1. Field of the Invention
The present invention relates to a driver stage, and particularly to adjusting the output impedance of a driver stage for use in data transmission between semiconductor components.
2. Description of the Related Art
In data transmission between semiconductor components, the impedance properties of an interconnection line may have significance, specifically at high data rates. If an output resistance of a transmitter and/or the input resistance of a receiver are not matched to a line impedance, reflections arise at the line ends and overshooting and undershooting occur. As a result, the data transmission may not be accurate, and the signal falsified. Terminal resistors that are matched as accurately as possible to the line impedance may be integrated in transmitter and receiver modules. However, resistors based on polysilicon integrated in semiconductor components may have a resistance that fluctuates depending on process properties, temperature, and the supply voltage.
FIG. 7 shows diagrammatically a model for the data transmission between two semiconductor components including a transmitter 100 and a receiver 140. The connection between the semiconductor components 120 is effected by two lines, both characterized by a line impedance Z. The transmitter 100 has a differential output with a positive data output DP and a negative data output DM, corresponding to the two lines. The respective output resistors of the transmitter 100 are shown diagrammatically by R1, while the respective input resistors of the receiver 140 are shown diagrammatically by resistors R2.
FIG. 8 shows a typical configuration of the drive stage of a transmitter 100, such as the transmitter 100 of FIG. 7. The transmitter 100 has a pre-driver stage 11, configured to convert an input signal from an individual line into a differential signal for transmission via the two lines. One of two output driver stages 12, 14 is associated with each of the two signal components of the differential signal.
The output driver stages 12, 14 each include an inverter having a series connection of a pull-up transistor 15, two resistors 18 and a pull-down transistor 16 connected in sequence between a positive voltage source and a negative voltage source. The positive voltage source may be a positive supply voltage and the negative voltage source may be a ground. The pull-up transistor 15 is configured as a PMOS transistor, and the pull-down transistor 16 is configured as an NMOS transistor. A tapping for the output signal DP or DM is provided between the two resistors 18. The output resistance and the output impedance of the output driver stages 12, 14 are thus determined substantially by the value of the resistors 18.
In order to be able to match the output impedance of a driver stage as accurately as possible to the employed power impedance and to compensate for the influences of variations due to the production process, temperature or fluctuations in the supply voltage, the driver stage may be configured to have an adjustable output impedance. For example, a driver stage having multiple inverter branches may have an adjustable output impedance that can be adjusted depending on control signals. Individual inverter branches are activated and deactivated to adjust the output impedance of the driver stage, such that the output impedance is lower the more inverter branches that are activated.

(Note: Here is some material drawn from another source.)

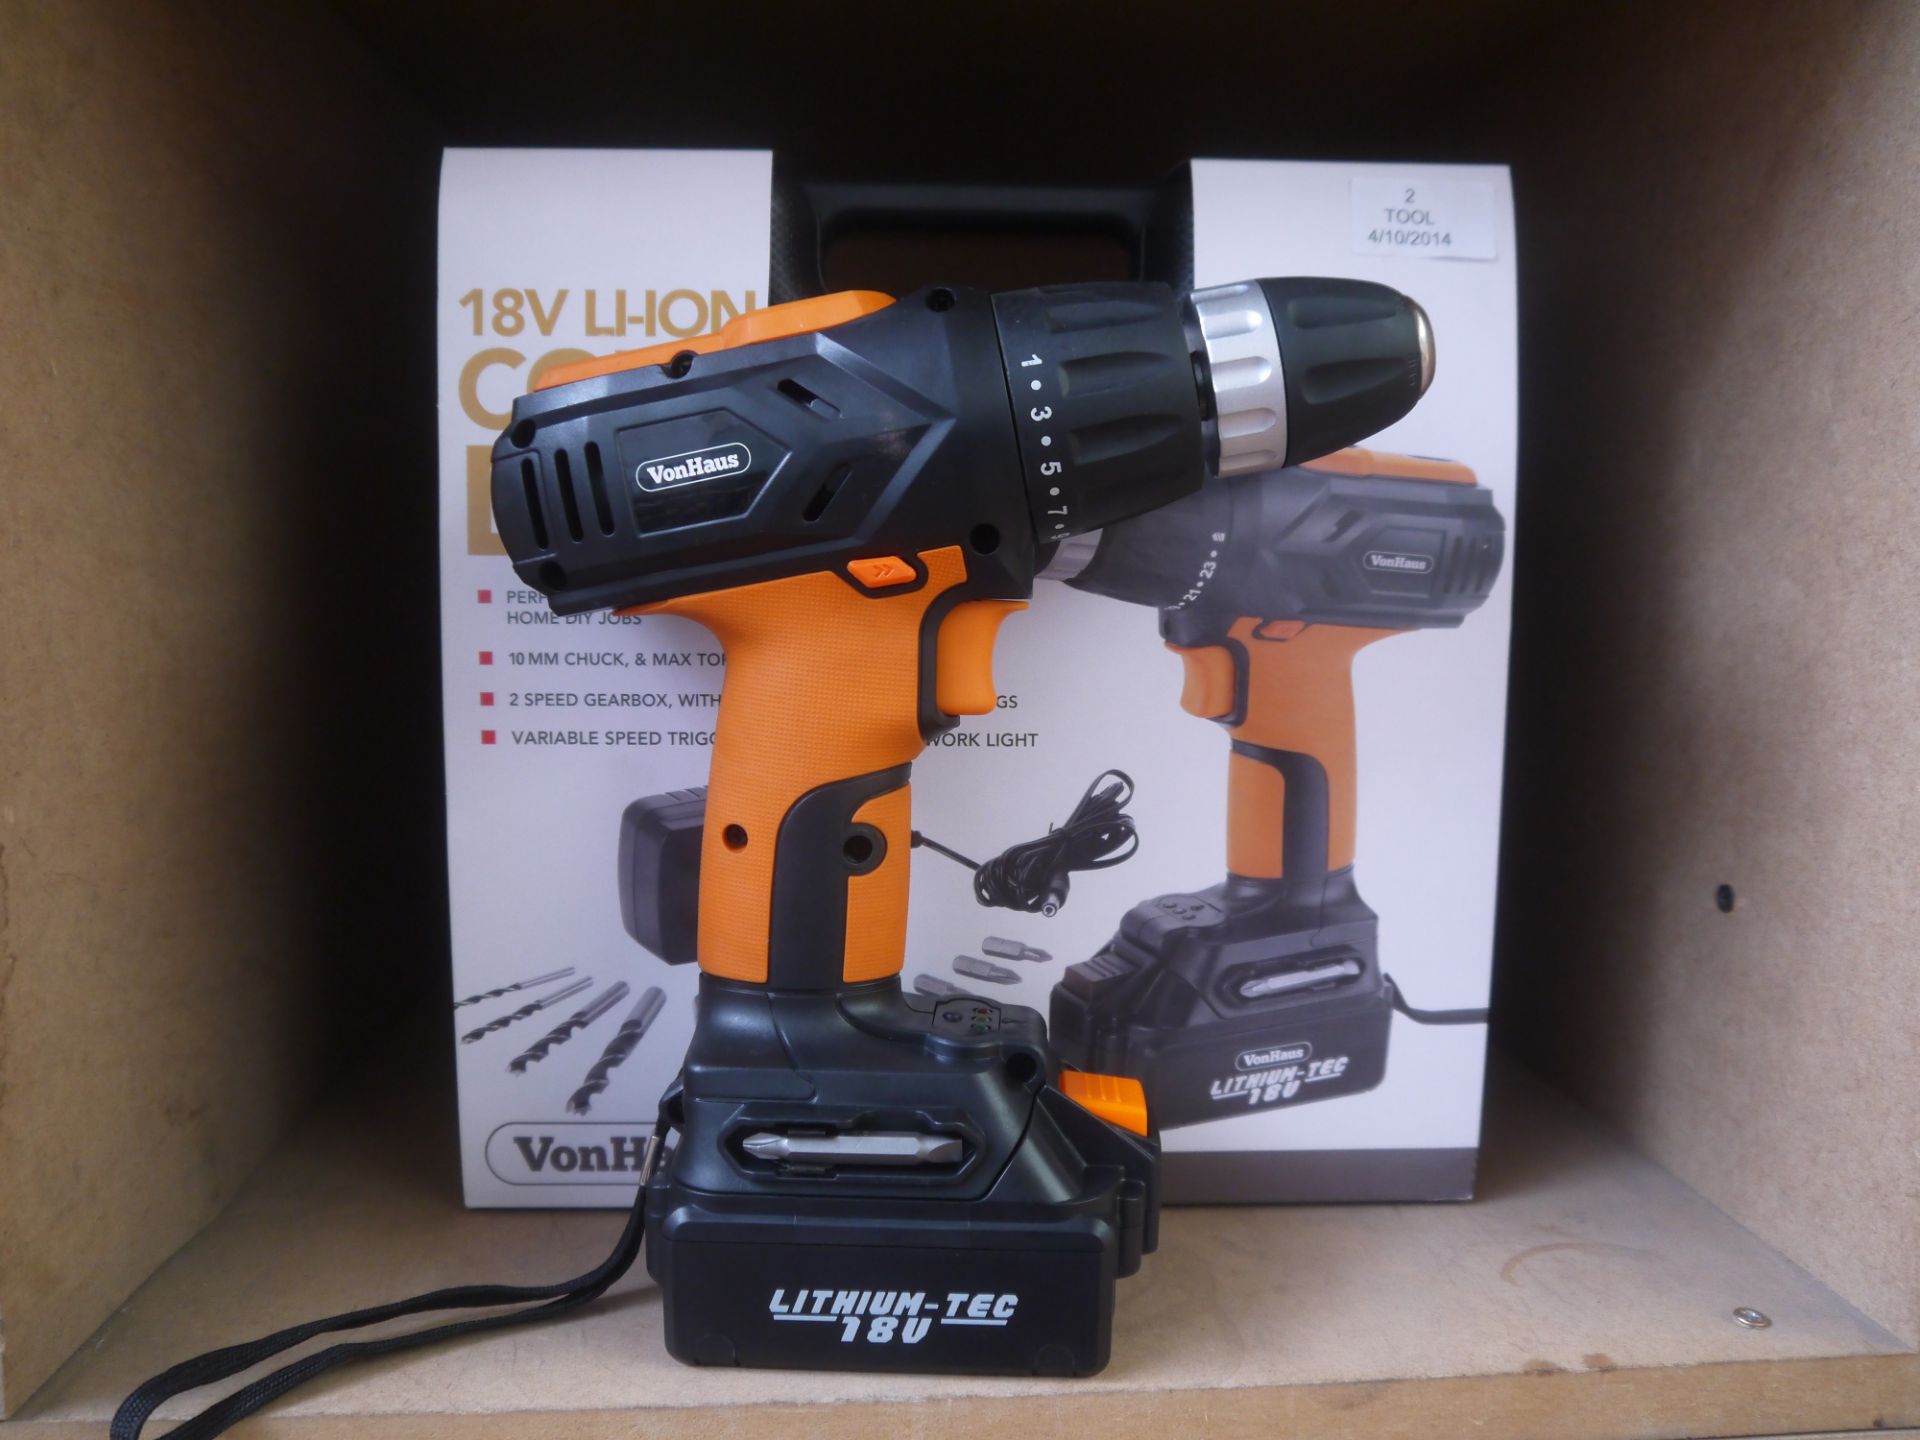 VonHaus 18V Lithium Ion Cordless Drill. Tested working, in carry case.

Multiple control signals that are generated depending on the output impedance of the driver stage to be adjusted are used. The number of driver elements connected in parallel (i.e. the number of inverter branches) may be adjusted such that the output impedance of a pull-up region and pull-down region corresponds to a reference resistance, or to a multiple of a reference resistance. A voltage that decreases over the pull-up region or the pull-down region is measured, and is compared by a comparator to a voltage drop over the reference resistor. The counting direction of a counter is controlled on the basis of the output signal of the comparator, whereby inverter branches are activated or deactivated depending on the count. If the count only alternates between two adjacent values, the output impedance of the pull-up region or of the pull-down region is matched with the reference resistor. However, a problem arises in this case that only interferences that occur in the frequency range above the clock pulse frequency of the control circuit can be filtered out. An interfering, low-frequency noise thus remains.
A voltage drop at the driver stage may be averaged by oversampling so that noise that occurs in the measurement of the output impedance can be suppressed. There is still however a problem that errors are produced due to a voltage misalignment of the comparator and due to the noise at the comparator inputs. In particular the supply voltage of the circuit is implicated as noise source. This noise affects both inputs of the comparator (i.e., the falling voltage at the driver stage), which is a measure of the output impedance, as well as the reference voltage. Overall, fluctuations of the output impedance from the desired impedance (i.e., the line impedance) may therefore arise that are greater than the minimal step width of the impedance adjustment.
Accordingly, there is a need for an improved accuracy in the adjustment of the output impedance of a driver stage so that the output impedance of the driver stage may be adjusted with an accuracy that ensures that the actual output impedance of the driver stage differs from a reference resistance by less than the minimal step width of the adjustment.